Dahlia Lithwick worries “that the court has located itself so outside the orbit of the 99 percent that it simply doesn’t matter to the five conservatives in the majority that the American public knows perfectly well what bought government looks like”:
Roberts honestly seems to inhabit a world in which what really worries the average Joe about the current electoral regime is not that his voice is drowned out by that of Sheldon Adelson, but that he might be forced to spend his millions “at lower levels than others because he wants to support more candidates” or that he is too busy making billions of dollars at work to volunteer for a campaign, or that he has Jay Z and Beyoncé on standby to perform at a house party in the event that his billions are tied up elsewhere this week.
Really, it’s weird.
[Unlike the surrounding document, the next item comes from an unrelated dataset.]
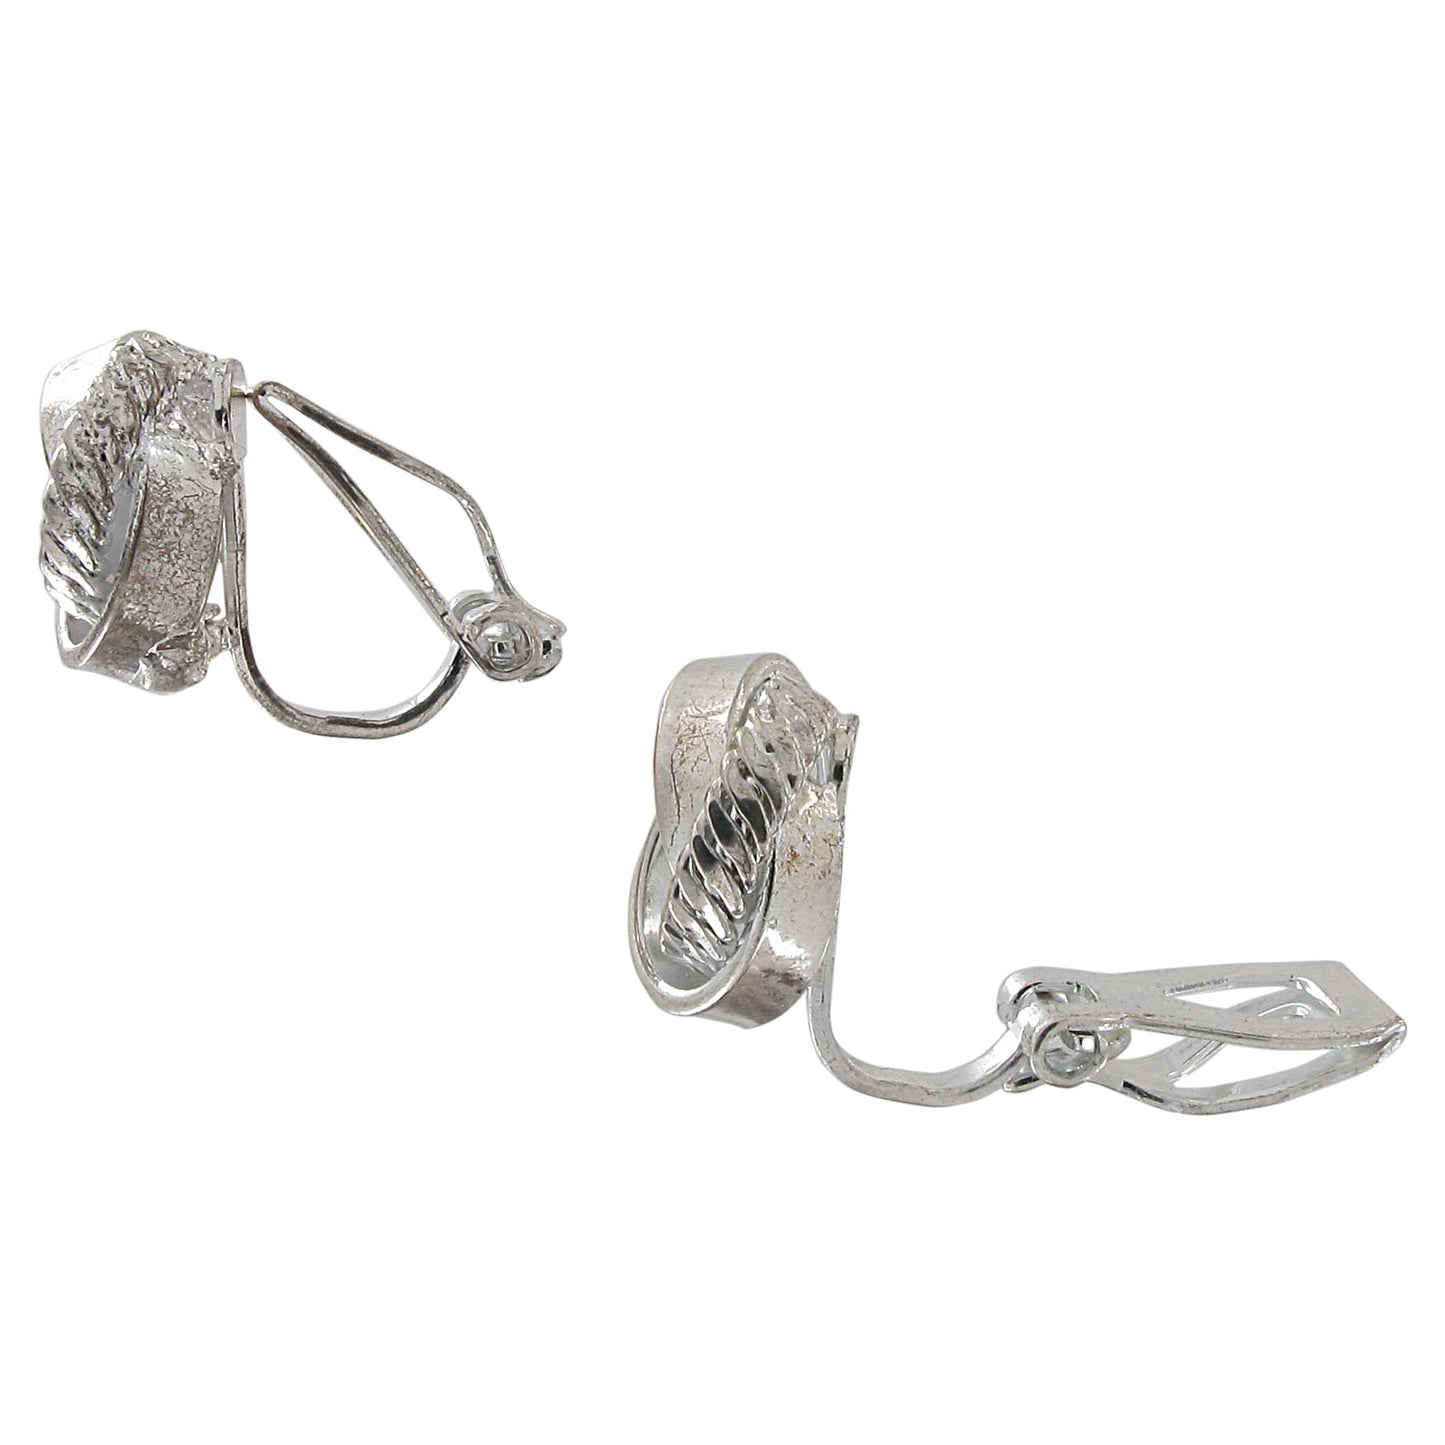 Silver Tone Spiral Ribbed Twisted Knot Clip Earrings Small

The man takes the Metro to work, and yet he handily dismisses what every human American knows to be true: That if dollars are speech, and billions are more speech, then billionaires who spend money don’t do so for the mere joy of making themselves heard, but because it offers them a return on their investment.
Looking back at the previous holdings of the Roberts court, Waldman sees the total dismantling of the campaign finance regulations as its inevitable legacy:
Every time this Court has confronted a question of campaign finance, where there is a conflict between the freedom of wealthy donors to do as they wish on one hand and the integrity of the system on the other, it has sided with the wealthy donors. Every time.